Zweitens, selbst wenn jemand die Nachricht überbringen würde, gäbe es im Militärrat genügend Stellvertreter. Warum sollte sie also ausgerechnet sie brauchen, um sie zu überbringen?

Nach reiflicher Überlegung wurde ihr jedoch klar, dass Chu Zhen sich im Militärbüro „niederlassen“ würde, was bedeutete, dass er sie nicht mehr als Außenseiterin behandeln würde.

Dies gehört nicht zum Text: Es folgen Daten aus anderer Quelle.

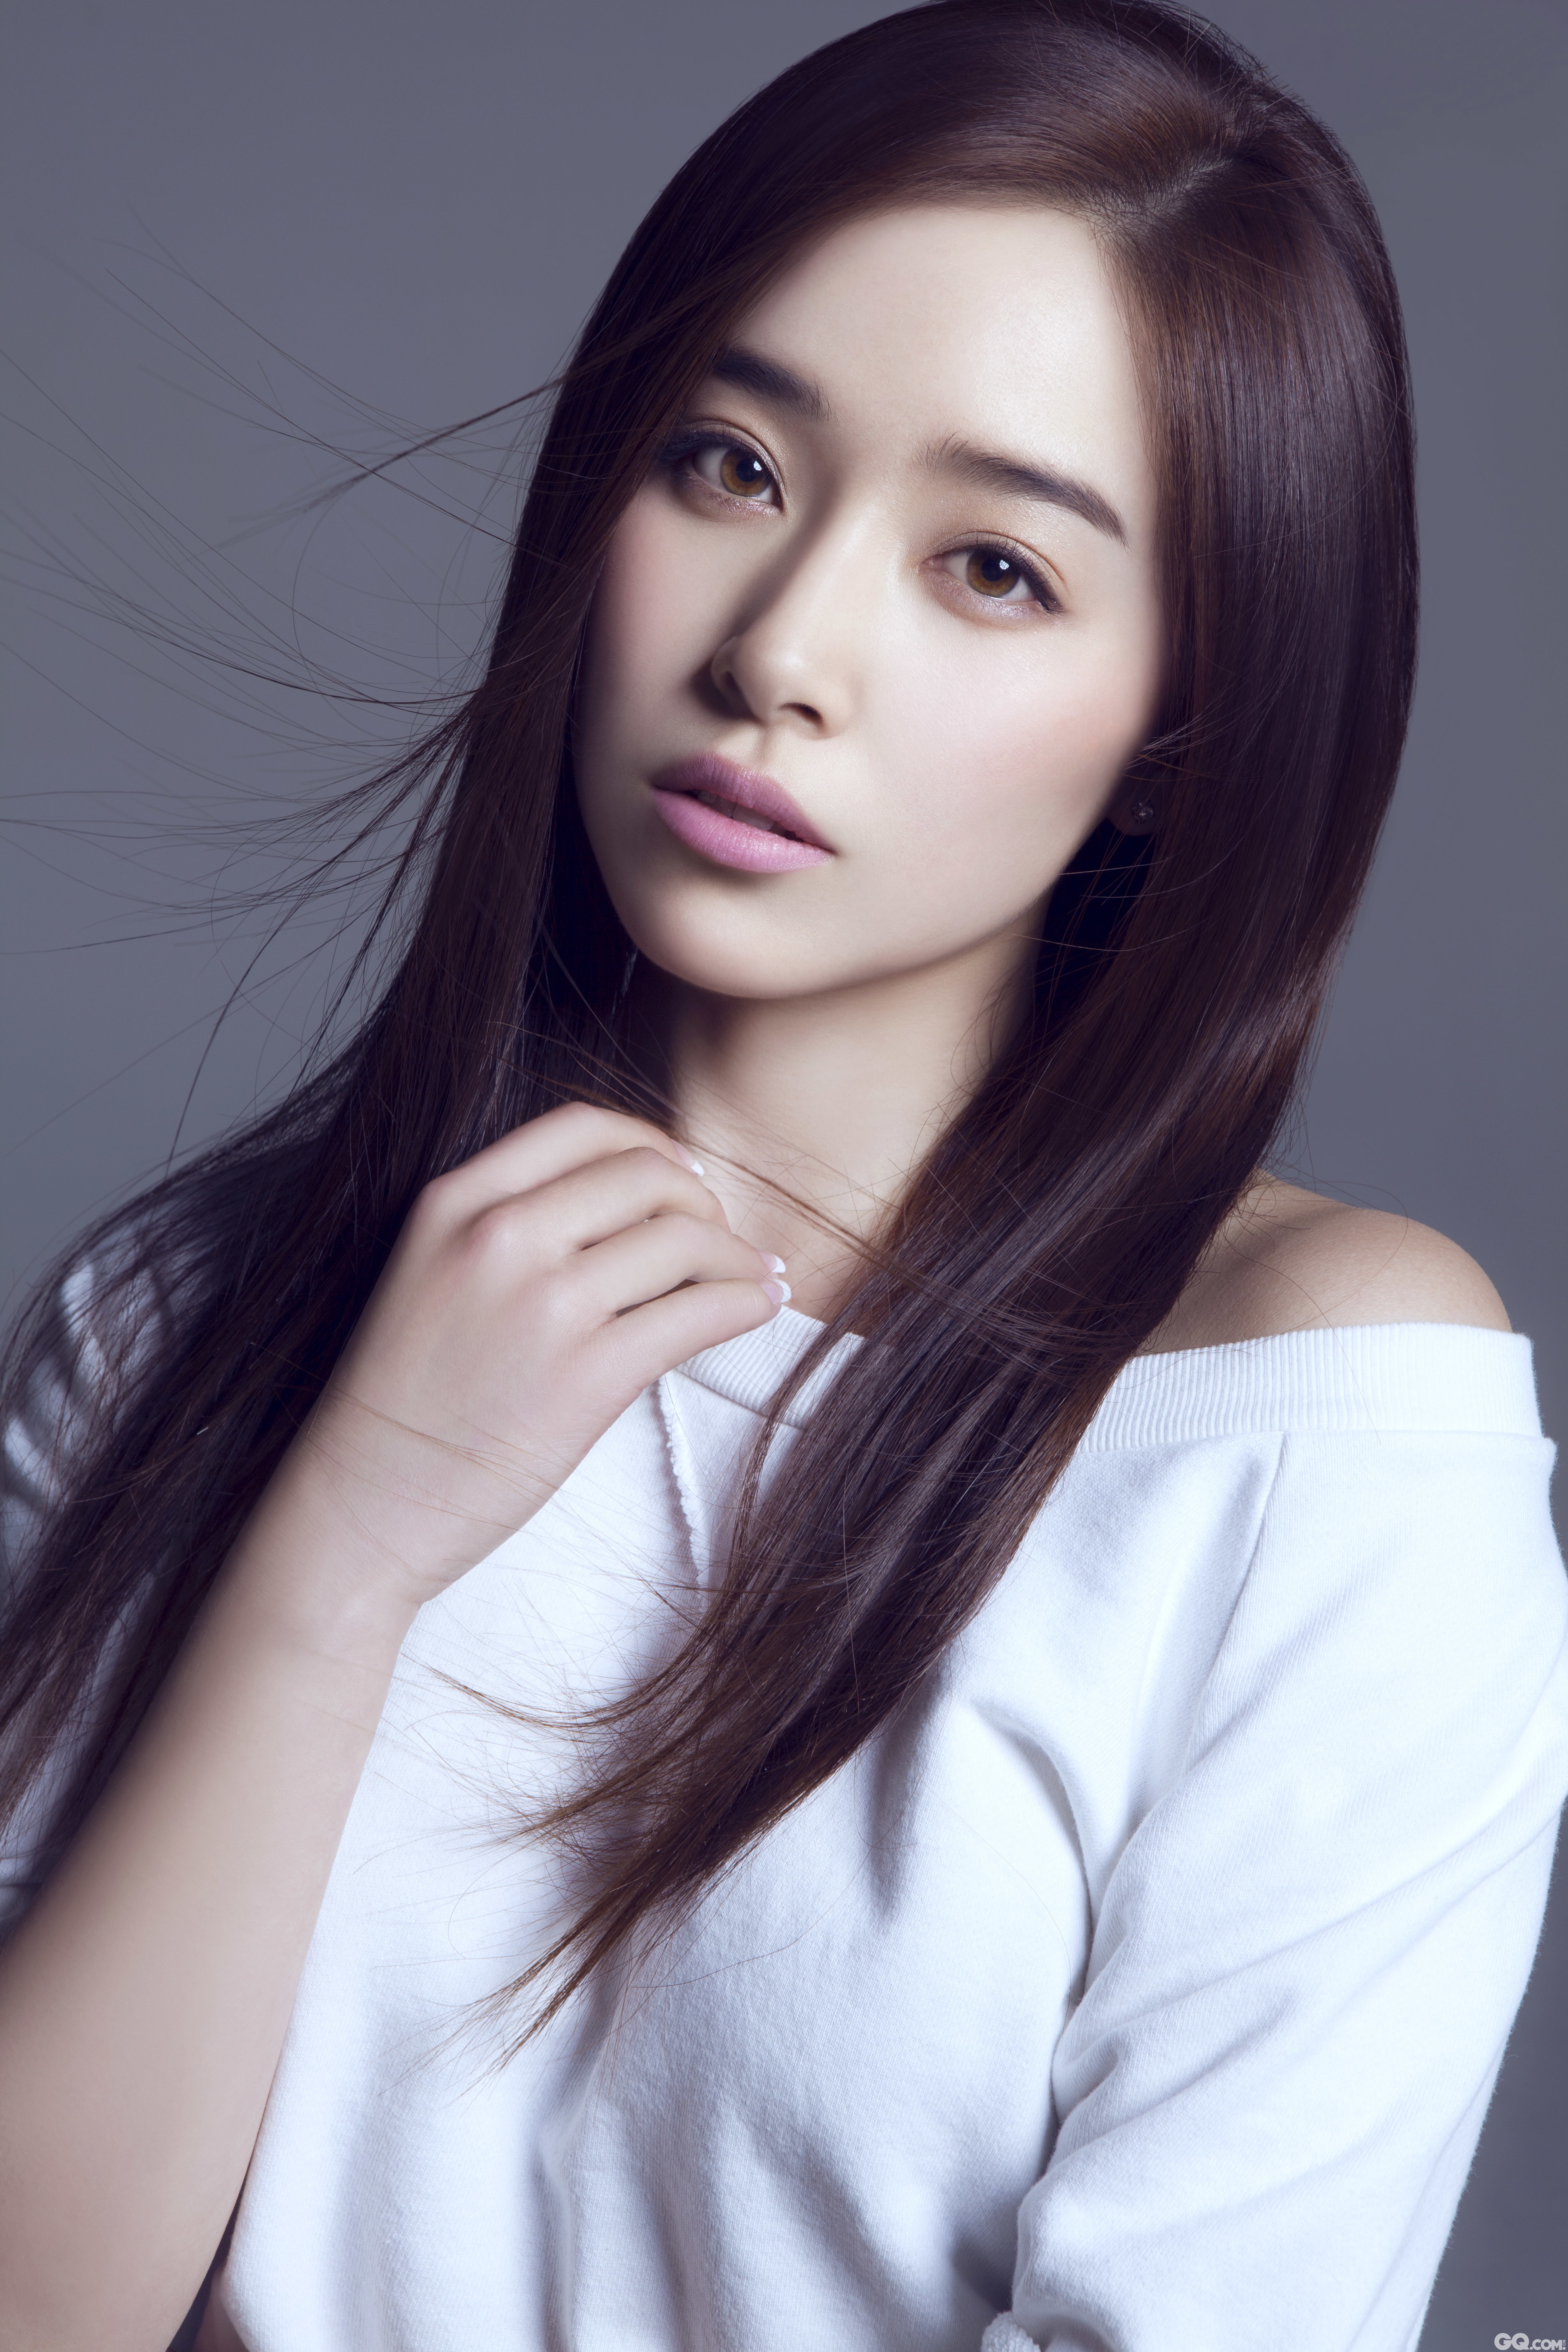 阚清子是中国内地新生代女演员，毕业于北京电影学院表演系。2009年，还在北京电影学院上学的阚清子参演电视剧《娘妻》，正式出道。
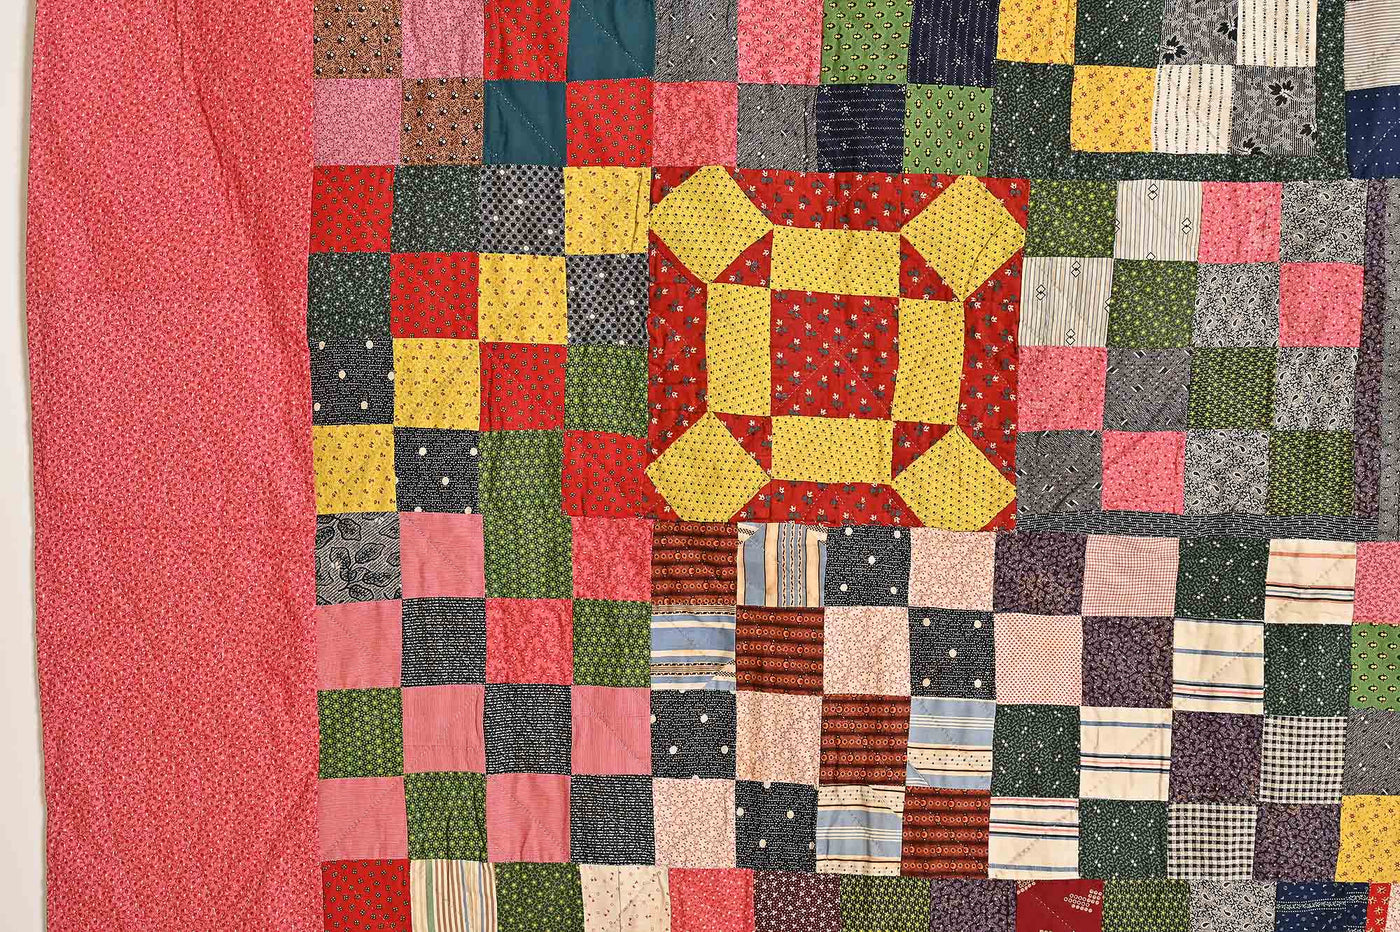 nine-patch-sampler-quilt-1453242-left-border-detail-5
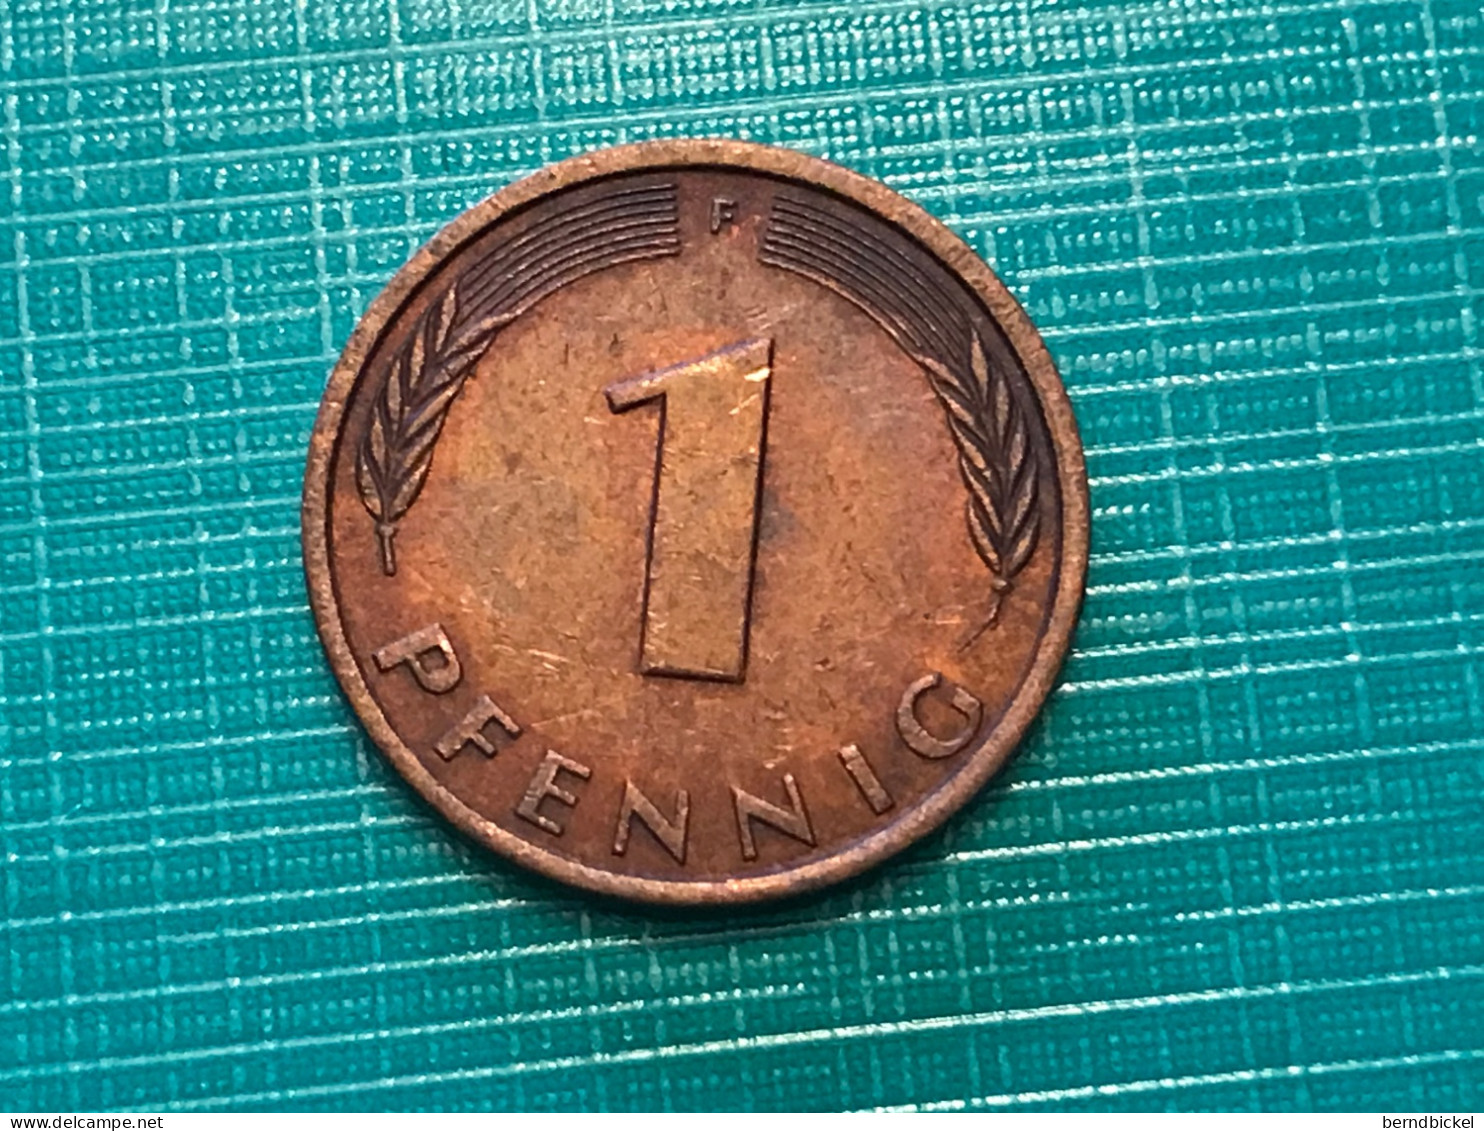 Münze Münzen Umlaufmünze Deutschland 1 Pfennig 1991 Münzzeichen F - 1 Pfennig

Er war also erfreut und willigte respektvoll ein, drehte sich um, ging hinaus, nahm den Regenschirm an der Tür, schüttelte ihn und öffnete ihn in der Luft.

„Admiral, sollen wir gehen?“, begrüßte er Chu Gexing mit einem Lächeln.

Chu Gexing trat zur Tür hinaus und sagte mit leiser Stimme: „Vielen Dank für Ihre Mühe.“

Chu Zhen nahm ein Dokument zur Hand, um es zu lesen, hörte dem Gespräch zwischen den beiden zu und blickte auf.

Doch dann sahen sie eine Person, die im Regen einen Regenschirm hielt, freundlich lächelte und zu der Person an der Tür aufblickte.

Die beiden gingen draußen Seite an Seite.

Was für eine entzückende Szene!

„Hast du keinen Regenschirm mitgebracht?“, fragte Le Yan.

Chu Gexing senkte den Blick und schaute auf das Wasser, das auf den Boden spritzte: "Ja."

„Wie sind Sie dann hierher gekommen?“

„Als ich ankam, hat es nicht so stark geregnet.“

„Tsk tsk. Du bist echt was Besonderes.“

„Hm, wenn du es nicht preisgeben willst, sag es doch einfach direkt.“

„Warum? Selbst wenn ich nicht will, muss ich es tun, weil der Meister es befohlen hat. Was ist daran falsch?“ Sie streckte ihm die Zunge heraus.